Cyborg Cockroaches Developed by North Carolina University

Researchers at North Carolina State University have developed technology that allows cyborg cockroaches, or biobots to capture sound through tiny microphones and discover the source of the sound. The technology is designed to assist emergency personnel in rescue efforts in cases of natural disasters and emergencies.

“In a collapsed building, sound is the best way to find survivors,” said Dr. Alper Bozkurt, an assistant professor of electrical and computer engineering at NC State and senior author of two papers on the work.

The research team has equipped the biobots with electronic backpacks that control the cockroach’s movements. Currently, the team has developed two sets of custom backpacks complete with microphones. The first type uses a single microphone that can capture relatively high-resolution sound from any direction that is then transmitted wirelessly back to first responders.

The second version of biobot is equipped with a range of three directional microphones to detect the direction of the sound. The research team has also developed algorithms that analyze the sounds picked up by microphone that can steer the biobot in the right direction, a method that was successful in laboratory testing. Other than detecting the sound's location, the biobots will have to be able to differentiate between types of sounds.

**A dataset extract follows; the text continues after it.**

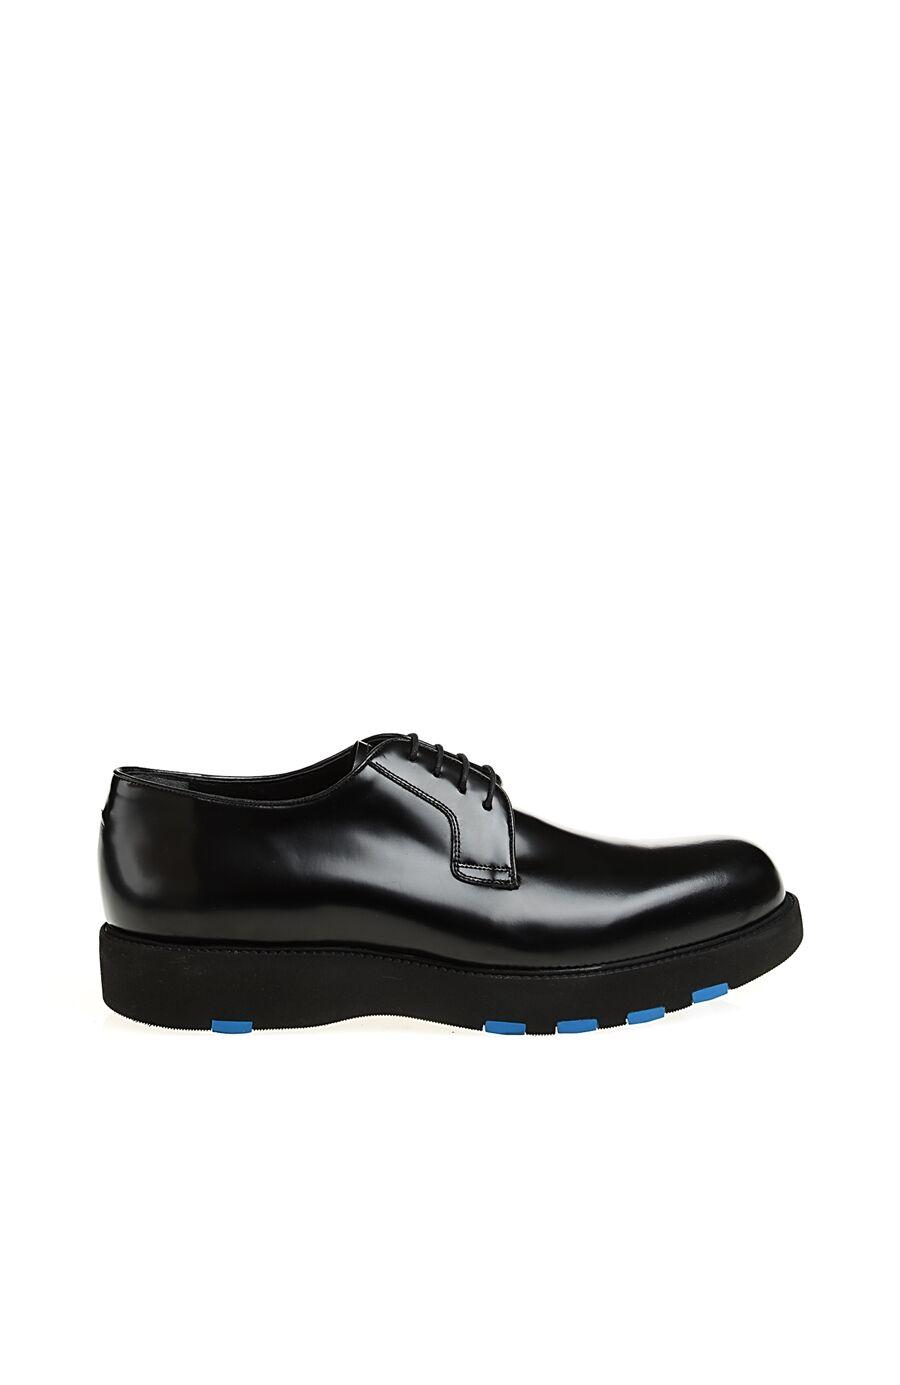 Taban Detaylı Siyah Ayakkabı

“The goal is to use the biobots with high-resolution microphones to differentiate between sounds that matter– like people calling for help – from sounds that don’t matter– like a leaking pipe,” Bozkurt said. “Once we’ve identified sounds that matter, we can use the biobots equipped with microphone arrays to zero in on where those sounds are coming from.”

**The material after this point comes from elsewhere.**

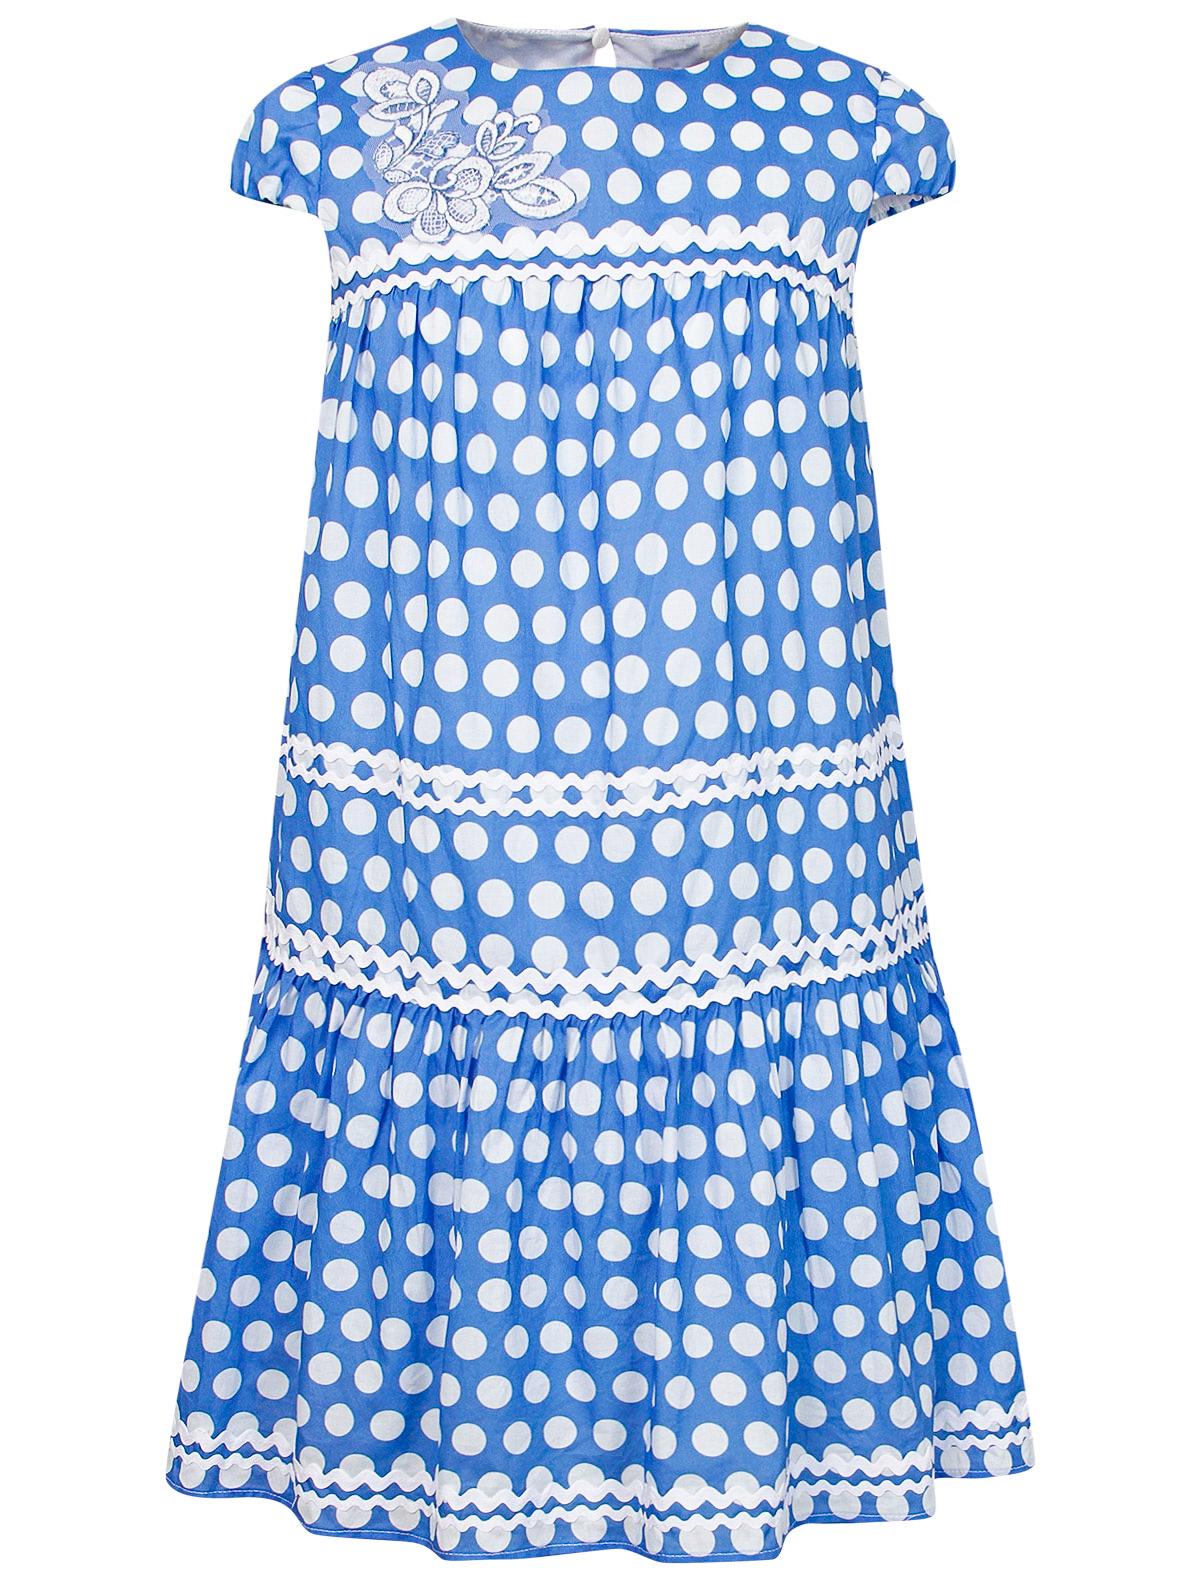 Купить 2198135, Платье Ermanno Scervino, голубой, Женский, 1054509078427

Previously, a research team headed by Dr. Edgar Lobaton had shown that biobots could be used to map a disaster area. Funded by National Science Foundation CyberPhysical Systems Program, the eventual goal for Bozkurt and Lobaton is to consolidate their research efforts to both map disaster areas and pinpoint survivors. The researchers are already working with collaborator Dr. Mihail Sichitiu to build the next generation of biobot networking and localization technology.

Bozkurt’s team also recently developed technology that can be used as an “invisible fence” that will stop the biobots from straying too far from the disaster area. While this helps biobots stay in a defined area, it also makes them stay near light sources so that the miniaturized solar panels on biobot backpacks can be recharged.

This technology was showcased at the IEEE Sensors 2014 conference in Valencia, Spain that took place from November 2-5.